Polina Barskova Translations

Blitz: краткая прогулка по Лондону с художницей N

Даёшь над Лондоном салют!
Ракеты зреют и снуют,
Встревоженные влажным мраком.
Охрипшим от “oh, fuck!” зевакам
За так возвышенность суют.

John Piper (кто?) в сороковом
Смотрел культю под рукавом
Больного города без света.
Ложились церквы как снопы,
Врезались в них огня столбы,
Творец рычал да что же это
И горевал о свойстве цвета
Скушнеть, сливаясь с темнотой,
Всегда становится не той,
На волю вырываясь краска;

Вот эта робкая ракета
Хлопочет что-то на холсте.
А ей бы! Наливаться алым
Над Пикадилли, жутким жалом
Водить, как лапкой по муде,
По водам—их с огнём мешая.
Творец настойчивей лишая
Врывался, подрывал, взрывал
Обугленной своею кисткой.

И город раной скользко-склизкой
Всё восставал и всё взывал
К Творцу (на этот раз—к другому),--
«Молились всюду, все, всегда»,
Зачуяв хрюканье снаряда,
Выталкивая изо рта
—не надо.

Изображать и поражать
Цель. И лицом к земле бежать,
Потом лицом к земле лежать,
И лёгкие наполнить ею.
Скатиться в узкую траншею,
Ещё немножко полежать,
Ракету взглядом провожать.

Летит и тает. Ангел-сон!
С несытым страхом в унисон,
Подмигивает—ну? Готов ли?
К уведомлению-толчку?
К последней спазмы молочку?
К восстановленью райской кровли?

 

I.

Подъезжая на микроавтобусе под польскую деревеньку О.
Удивляю себя—чего это, я не чувствую ничего.

Вроде душа моя развороченная бесчувственная десна,
Развлеченье дантиста, роденбаховский город сна.
Главное двигаться словно вода в канале—то есть не двигаться. Лишь шевельнёшь рукой
—сумасшедшие тени вмешаются в твой покой.

Все эти Розы, Людвиги, пронумерованные для нас,
Чтобы мы их пересчитывали, пока поступает газ.

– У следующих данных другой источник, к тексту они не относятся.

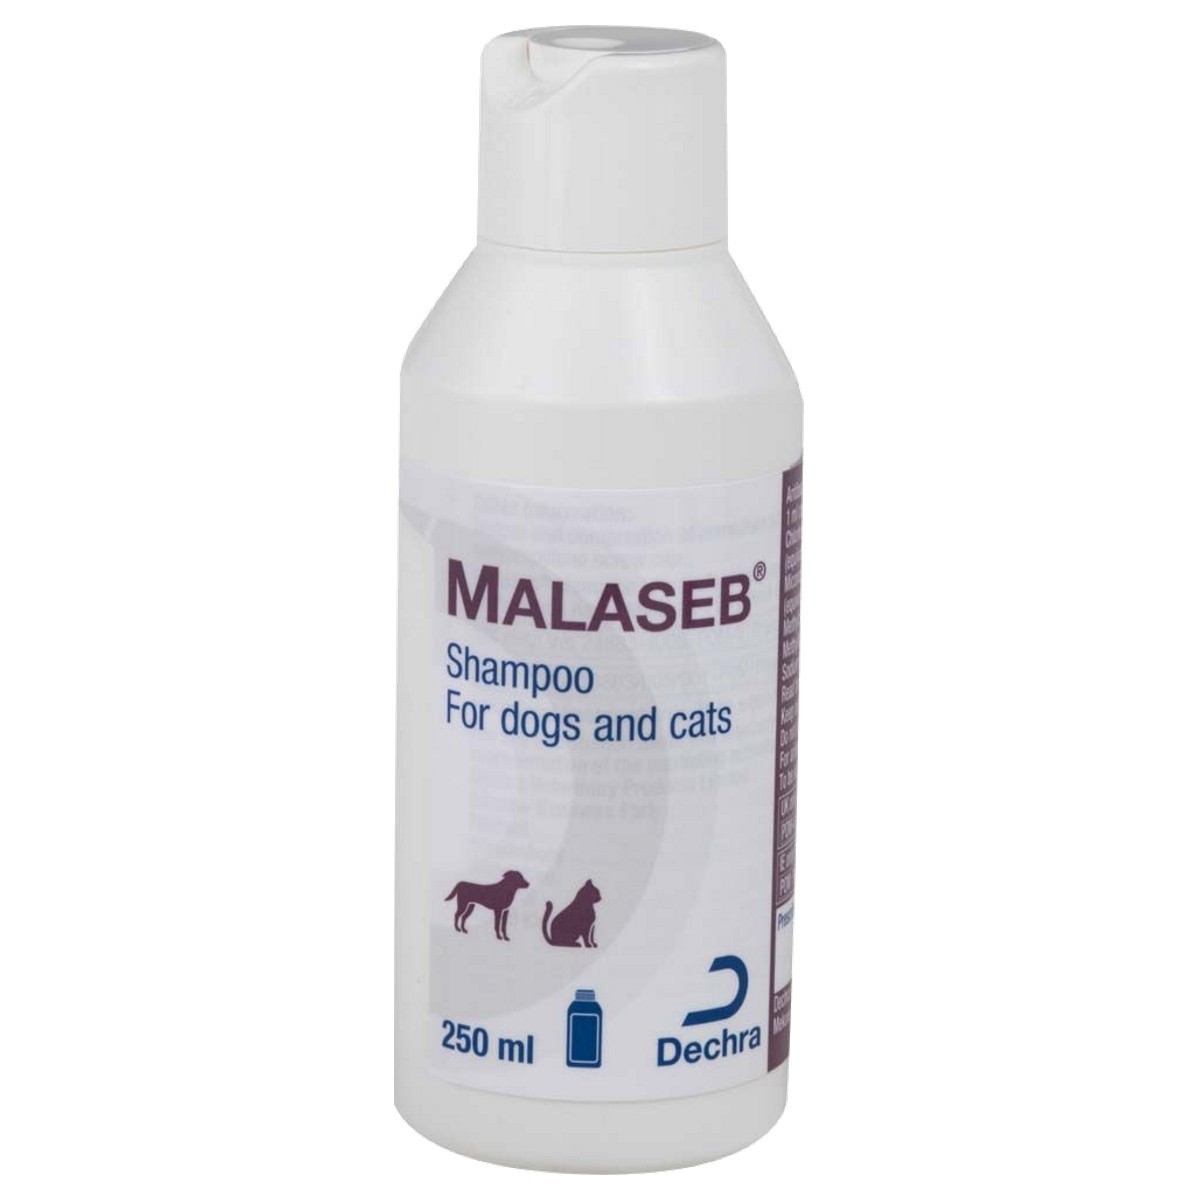 malaseb for horses

Пересчитывали впрочем косвенно: горшки, протезы, очки,
С красной каёмочкой, с чёрной каёмочкой волшебные башмачки,

Чемоданы, волосики, пепел, провисшие облака,
Студентки фиолетовая от холода рука
Впивается в зонтик. Кукушка
В Биркенау—скажи, сколько лет ещё
Мне навещать нравоучительные бараки?
Холодно холодно горячо:
Жмурки цивилизованного сознания.

Ничего не чувствую кроме стыда
Сбрасывать пепел Marlboro
На пепел, произведённый здесь, пролитый сюда.

 

II

Вот этот камушек есть памятник ему.
Вот это облако окурок лютик пёс—
Всё, что с собой он взять не мог во тьму,
Хоть до последнего не жаловался нёс.

Вот это дерево сортир скамейка мак—
Весь мусор ужаса, отчаянья дерьмо,
Я, расфуфыренный, самодовольный маг,
Несу тебе—валяй, смотри кино

Вещей, которые резвятся, как во сне:
Подмигивает смятое пенсне,
Кастрюлька хрюкает, будильник правит ночь,
Корябает огрызок-карандаш:
Владелец наш, кормилец наш, поилец наш,
Тебе и рады бы помочь
—не знаем как.
Вот этот камушек тебя последний знак.
Не-восклицательный. Заноза. Зонтик. Злак.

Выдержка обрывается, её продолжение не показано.